What you want is to drop variables with a % of missing/bad data higher than 50%, so you need a frequency table of variables, right?
So - use PROC FREQ. This is the simplified version (only looks for "#N/A"), but it should be easy to modify the last step to make it look for other values (and to sum up the percents for them). Or, like you'll see in the linked question (from my comment on the question), you can use a special format that puts all invalid values to one formatted value, and all valid values to another formatted value. (You'll have to construct this format.)
Concept: use PROC FREQ to get frequency table, then look at that dataset to find the rows with > 50% of the rows and an invalid value in the F_ column.
This won't work with actual missing (" " or .); you'll need to add the /MISSING option to PROC FREQ if you have those also.
data dat;
input id $ score $ gender $;
cards;
1 10 1
1 10 1
1 9 #N/A
1 9 #N/A
1 9 #N/A
1 8 #N/A
2 9 #N/A
2 8 #N/A
2 9 #N/A
2 9 2
2 10 2
;
run;
*shut off ODS for the moment, and only use ODS OUTPUT, so we do not get a mess in our results window;
ods exclude all;
ods output onewayfreqs=freq_tables;
proc freq data=dat;
tables id score gender;
run;
ods output close;
ods exclude none;
*now we check for variables that match our criteria;
data has_missing;
set freq_tables;
if coalescec(of f_:) ='#N/A' and percent>50;
varname = substr(table,7);
run;
*now we put those into a macro variable to drop;
proc sql;
select varname
into :droplist separated by ' '
from has_missing;
quit;
*and we drop them;
data dat_fixed;
set dat;
drop &droplist.;
run;
Another question. I have multiple data sets that generate ouput how can output these into one excel work sheet and apply my own formating. For example I have data set 1, data set 2, data set 3
each data set has two coloumns, for example
Col 1 Col 2
1 2
3 4
5 6
I want each data set to be in one worksheet and seperated by column , so in excel it should look like
Col 1 Col 2 Blank Col Col 1 Col 2 Blank Col
Somone told me I need to look at DDE for this is this true
Regards,
You can definitely do it using DDE. What DDE does it just simulates user's clicks at Excel's menus, buttons, cells etc. Here's an example how you can do that with macro loop for 3 datasets with names have1, have2 and have3. If you need more general solution (unknown number of datasets, with various number of variables, random datasets' names etc), the code should be updated, but its 'DDE-part' will be essentially pretty the same.
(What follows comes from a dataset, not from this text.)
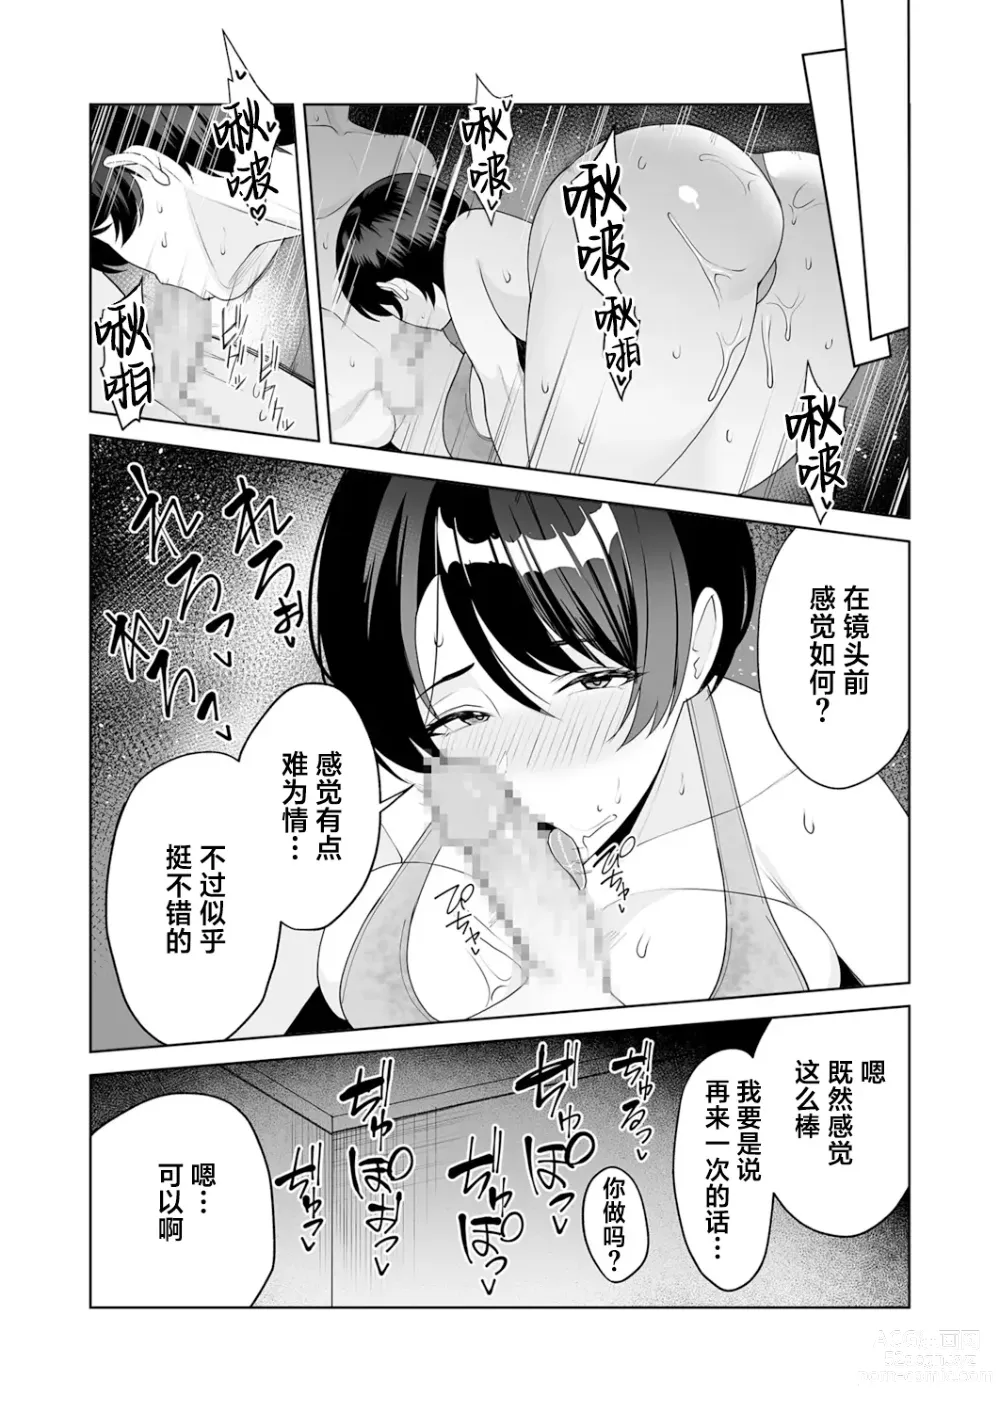 Page 144 of manga Gibo-san wa boku no mono 1-6

One more assumption - your Excel workbook should be open during code execution. Though it can be also automated - Excel can be started and file can be open using DDE itself.
You can find a very nice introduction into DDE here, where all these trick discussed in details.
data have1;
input Col1 Col2;
datalines;
1 2
3 4
5 6
;
run;
data have2;
input Col1 Col2;
datalines;
1 2
3 4
5 6
7 8
;
run;
data have3;
input Col1 Col2;
datalines;
1 2
3 4
7 8
5 6
9 10
;
run;
%macro xlsout;
/*iterating through your datasets*/
%do i=1 %to 3;
/*determine number of records in the current dataset*/
proc sql noprint;
select count(*) into :noobs
from have&i;
quit;
/*assign a range on the workbook spreadsheet matching to data in the current dataset*/
filename range dde "excel|[myworkbook.xls]sas!r1c%eval((&i-1)*3+1):r%left(&noobs)c%eval((&i-1)*3+2)" notab;
/*put data into selected range*/
data _null_;
set have&i;
file range;
put Col1 '09'x Col2;
run;
%end;
%mend xlsout;
%xlsout
You cannot do exactly this with SAS (DDE is probably possible). I would suggest looking at SaviCells Pro.
http://www.sascommunity.org/wiki/SaviCells
http://www.savian.net/utilities.html
You could likely accomplish what you're asking through ODS TAGSETS.EXCELXP or the new ODS EXCEL (9.4 TS1M1). You would need to arrange the datasets ahead of time (ie, merge them together or transpose or whatnot to get one dataset with the right columns), however, or else use PROC REPORT or some other procedure to get them in the right format.